**What the task requires:**
The answer is an exact copy of the lines from the one with "14KT White Gold" to the end of the listing below, pictures left out.

**Dataset section:**
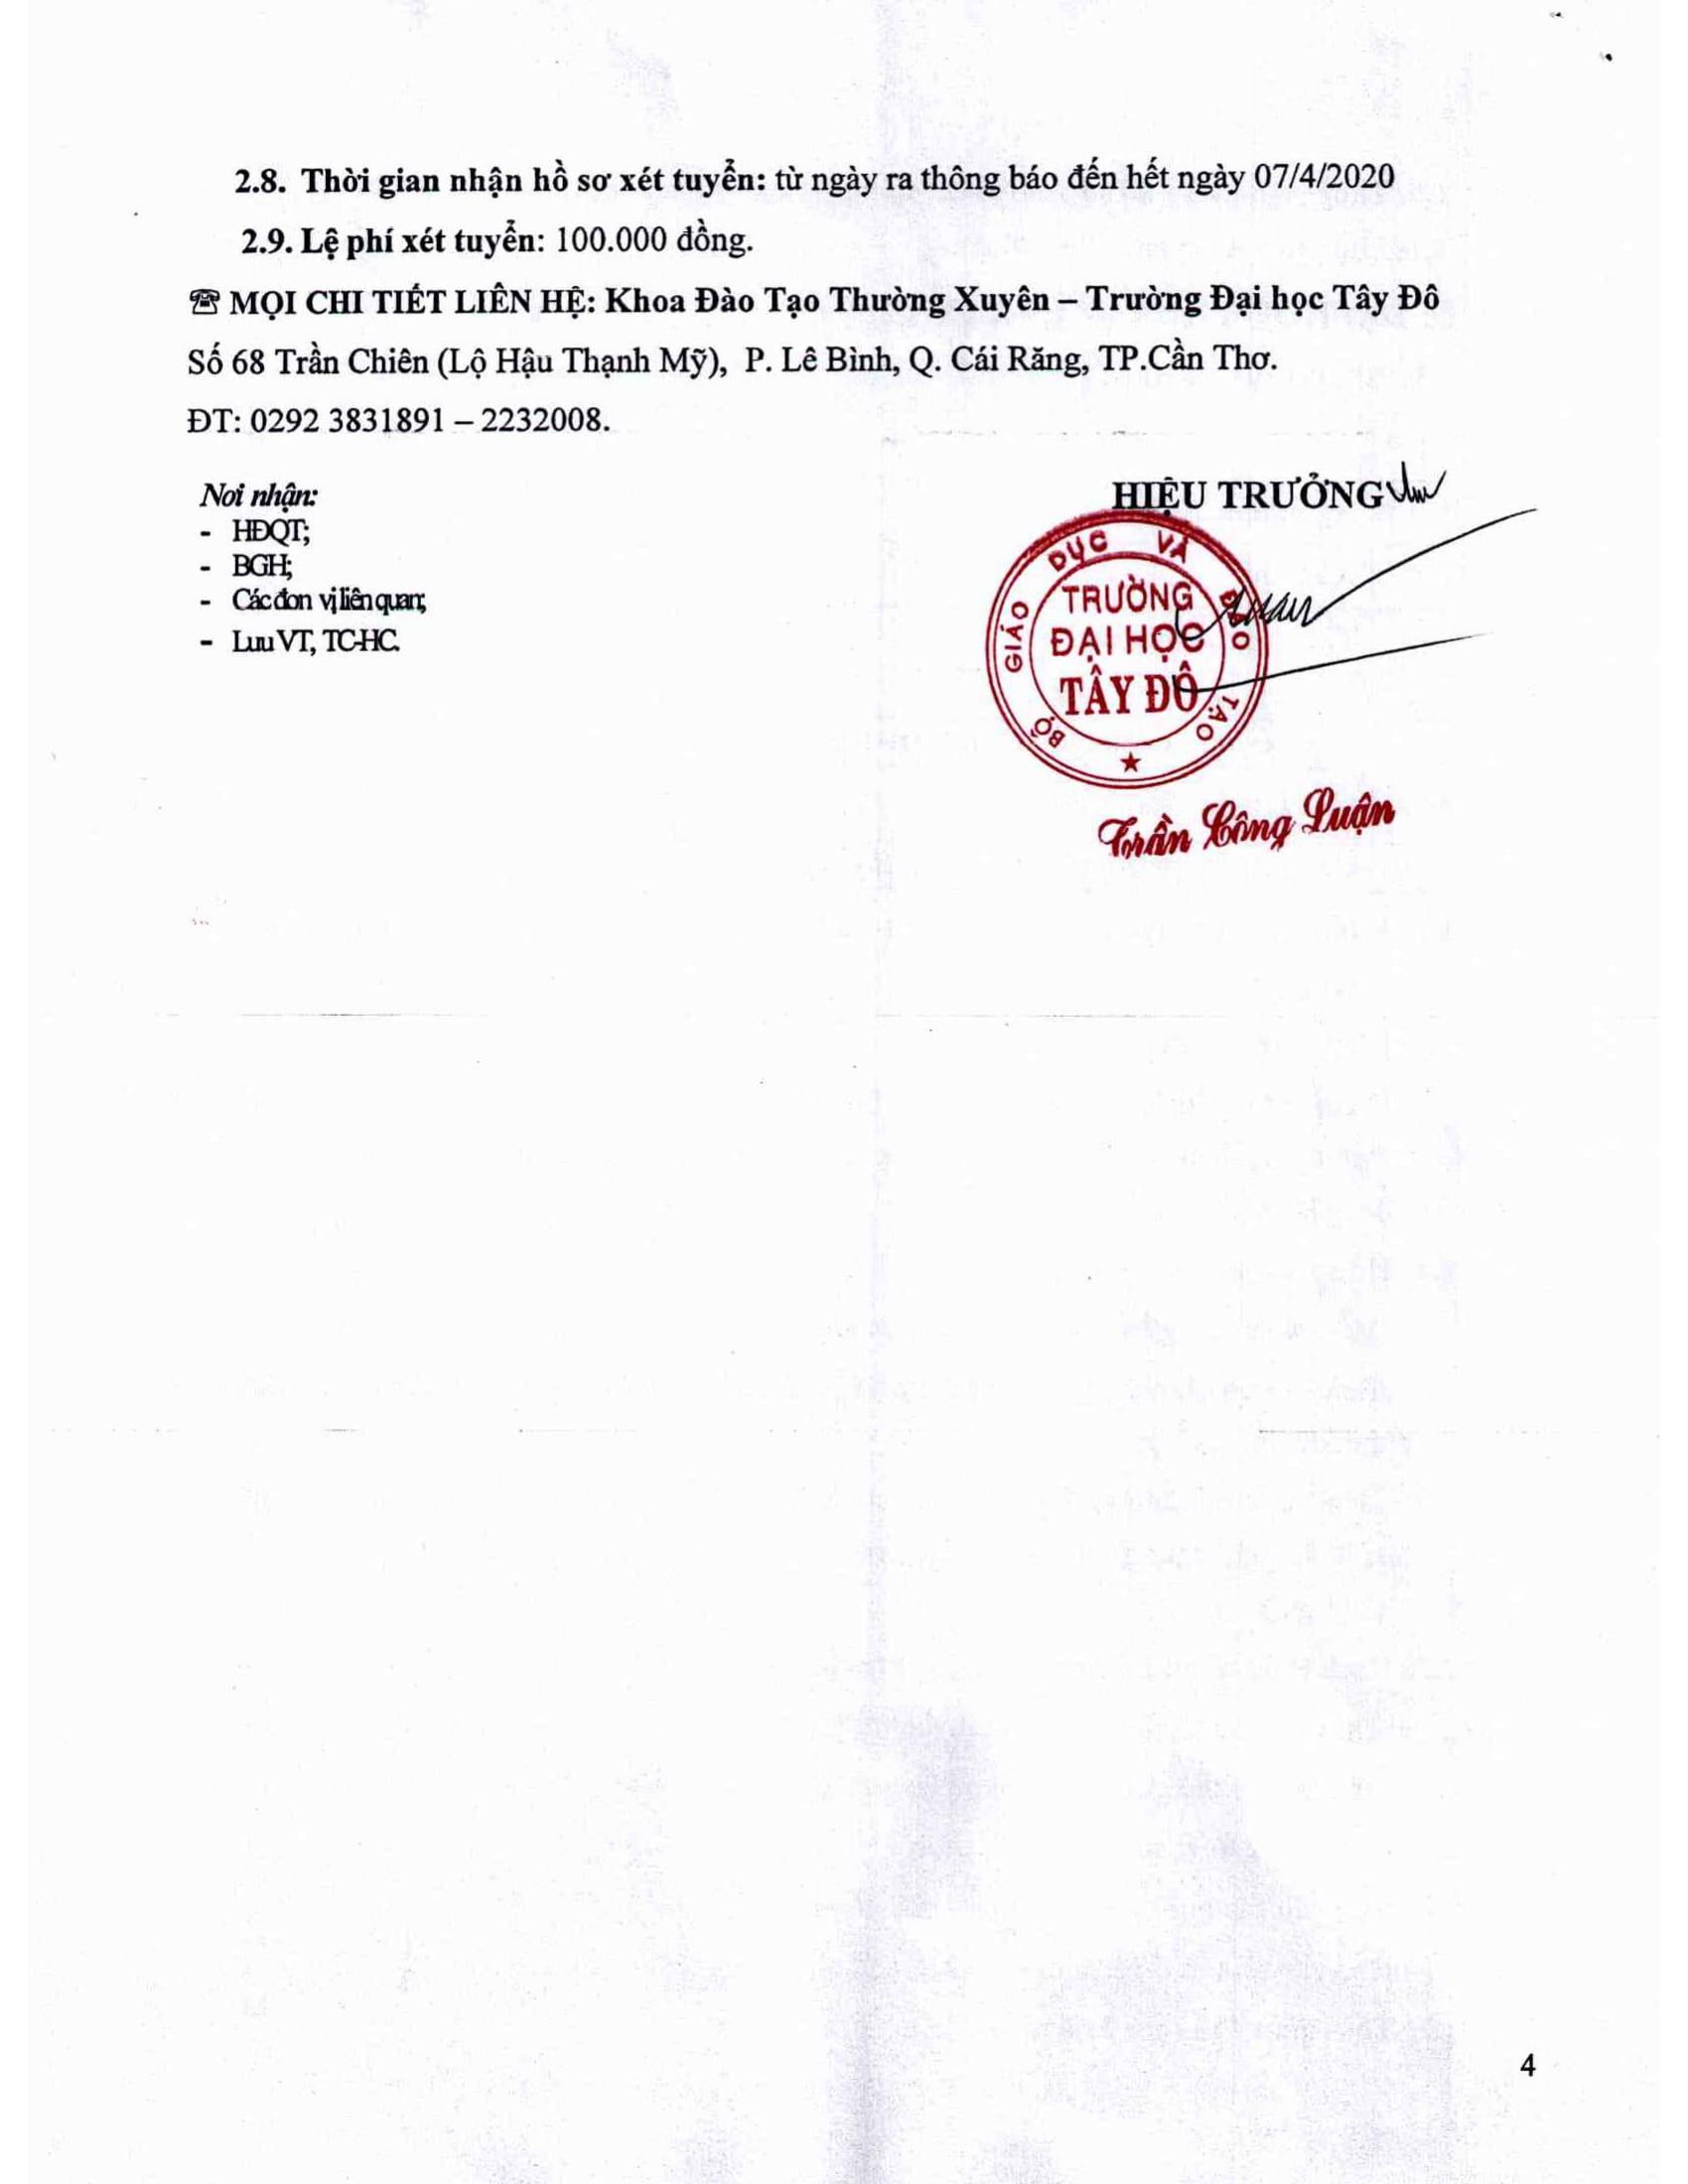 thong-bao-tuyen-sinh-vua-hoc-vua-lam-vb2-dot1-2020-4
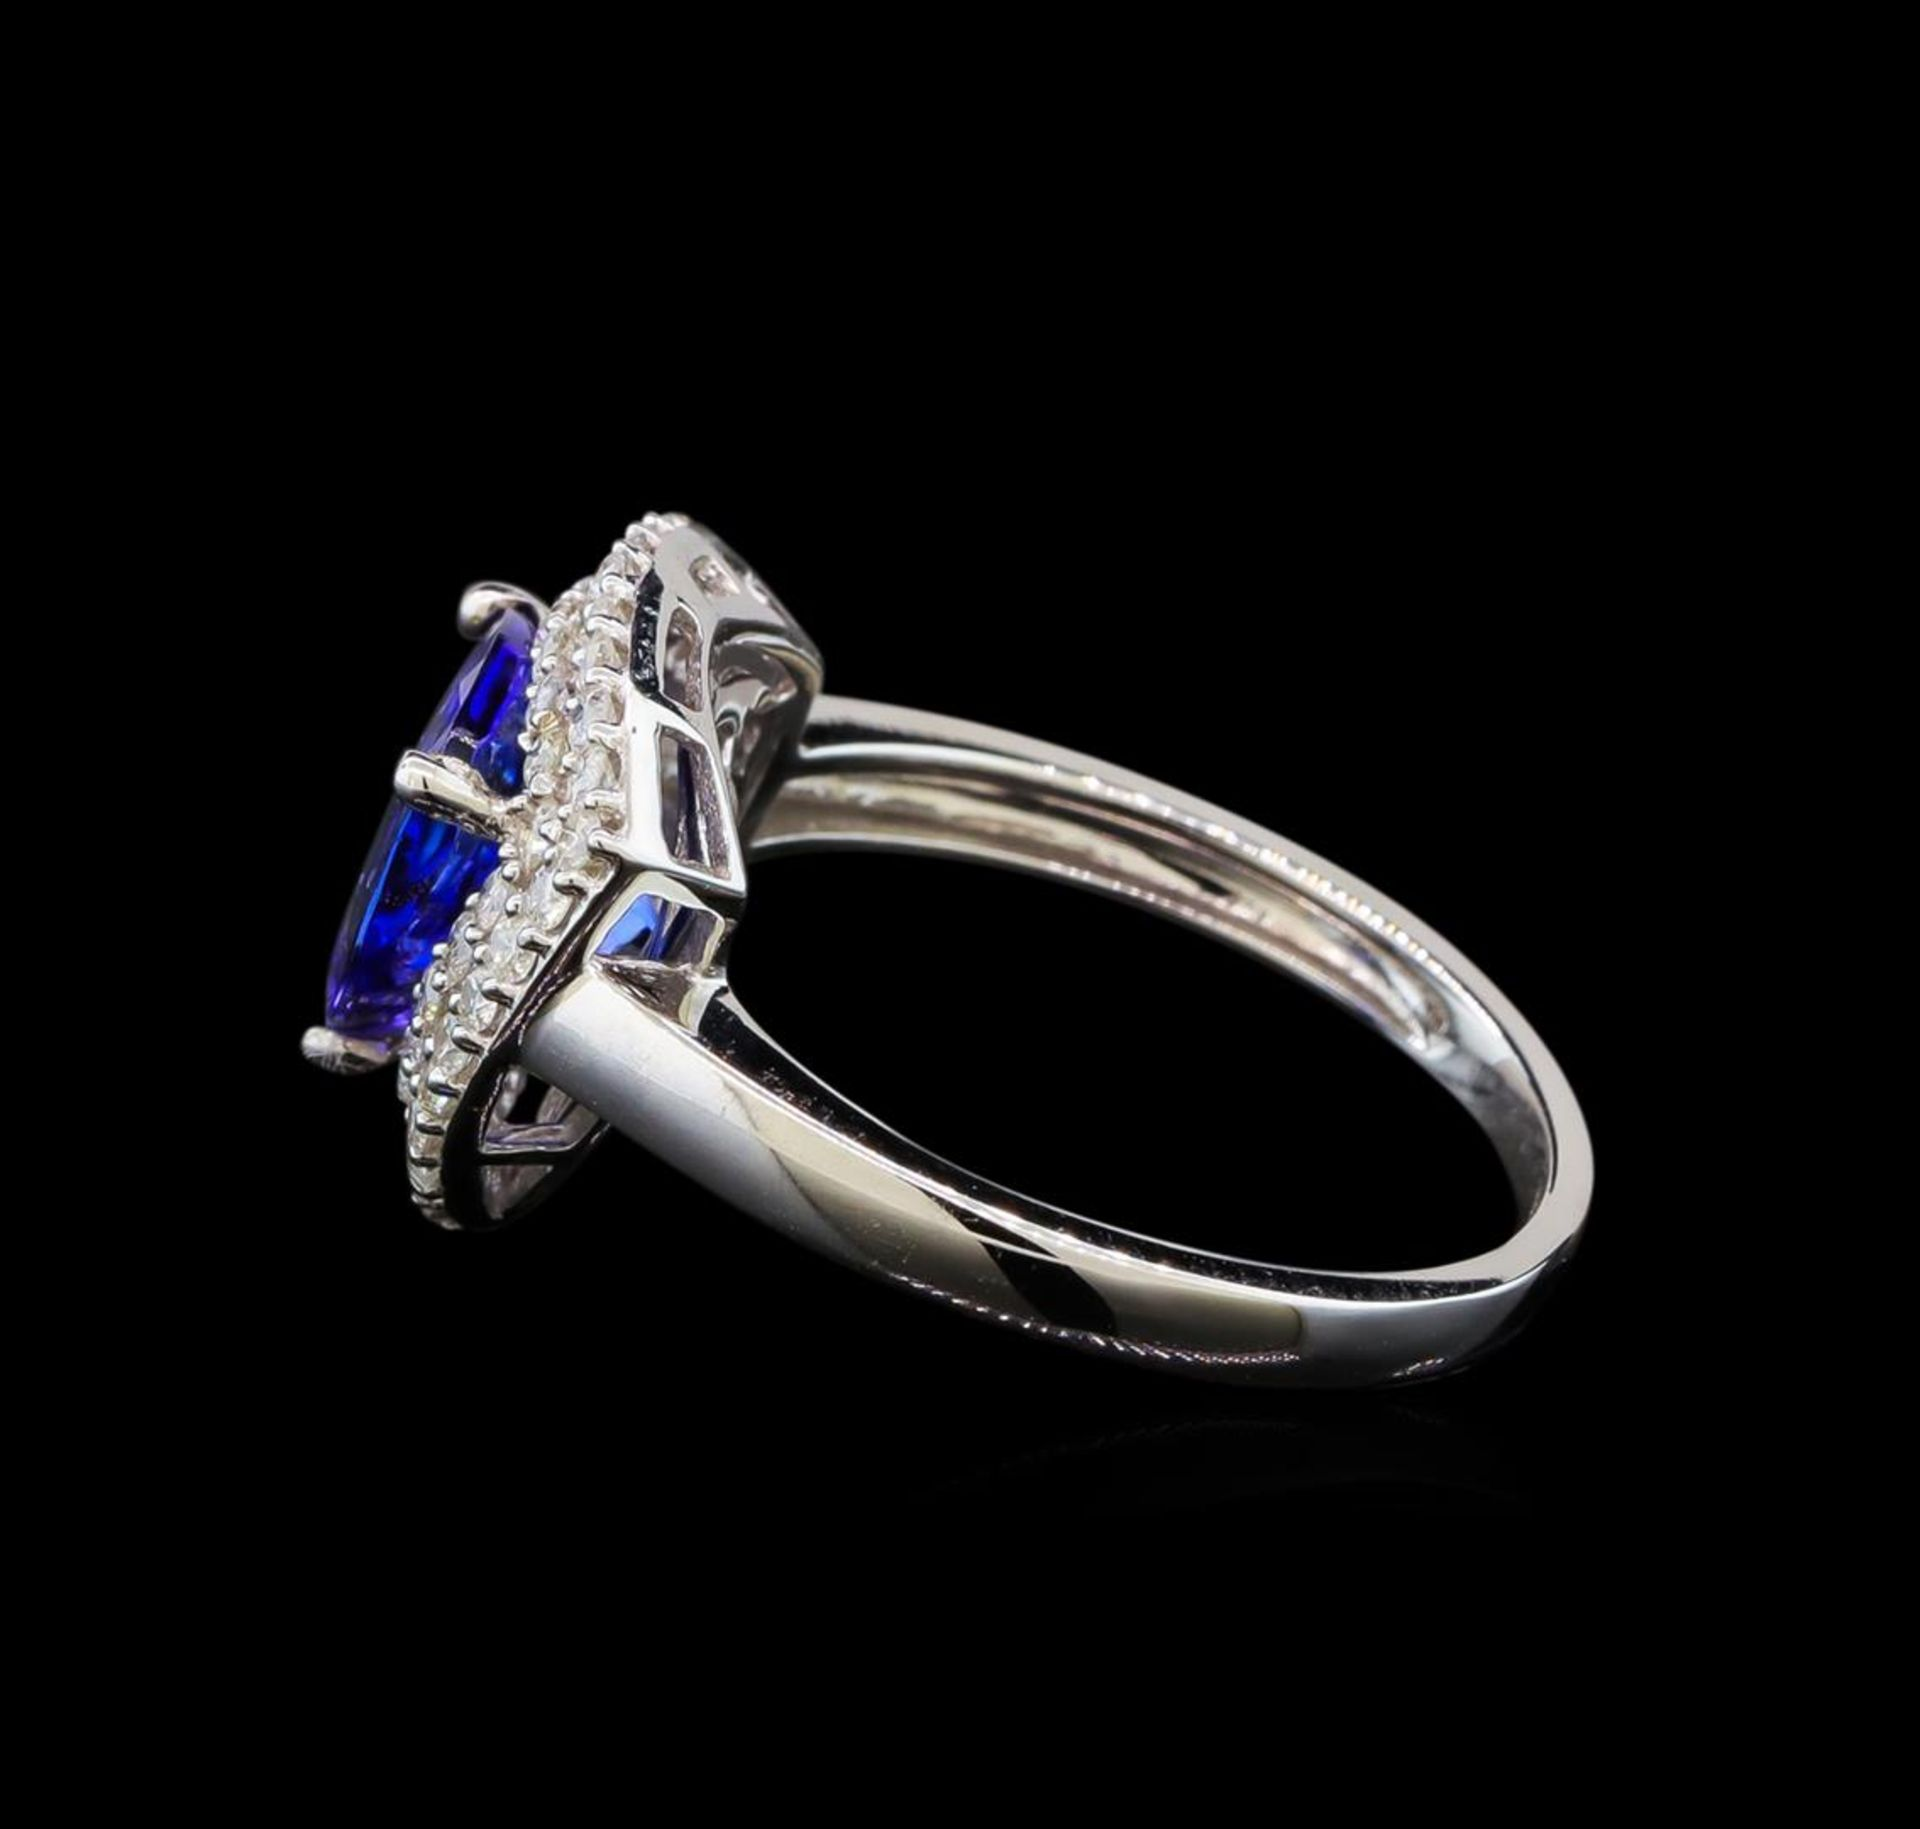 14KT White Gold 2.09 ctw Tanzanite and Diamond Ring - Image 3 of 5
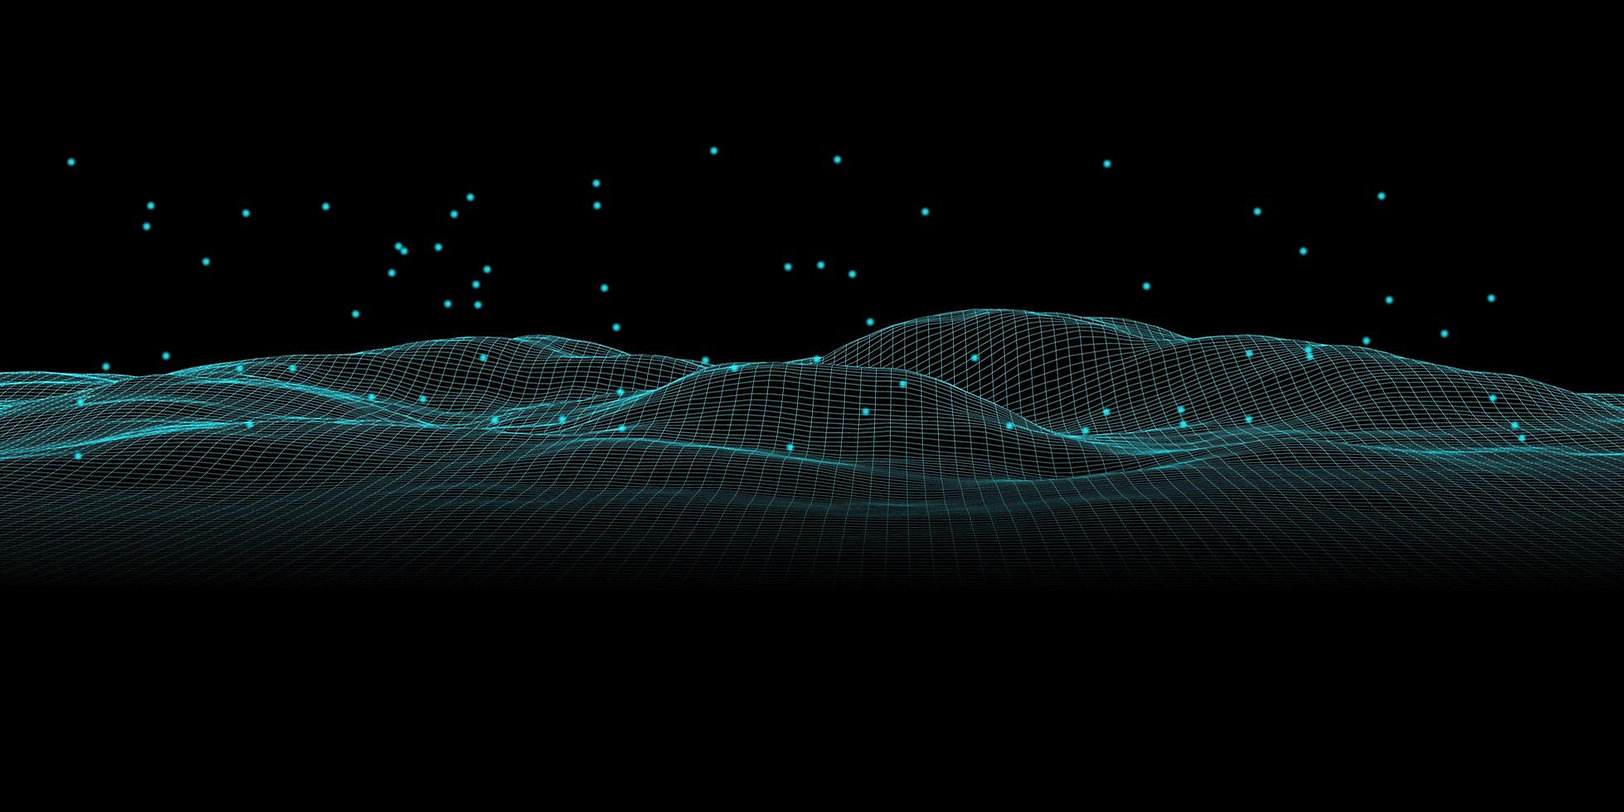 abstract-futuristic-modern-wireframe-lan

**Response to the exercise:**
 14KT White Gold 2.09 ctw Tanzanite and Diamond Ring - Image 3 of 5
 abstract-futuristic-modern-wireframe-lan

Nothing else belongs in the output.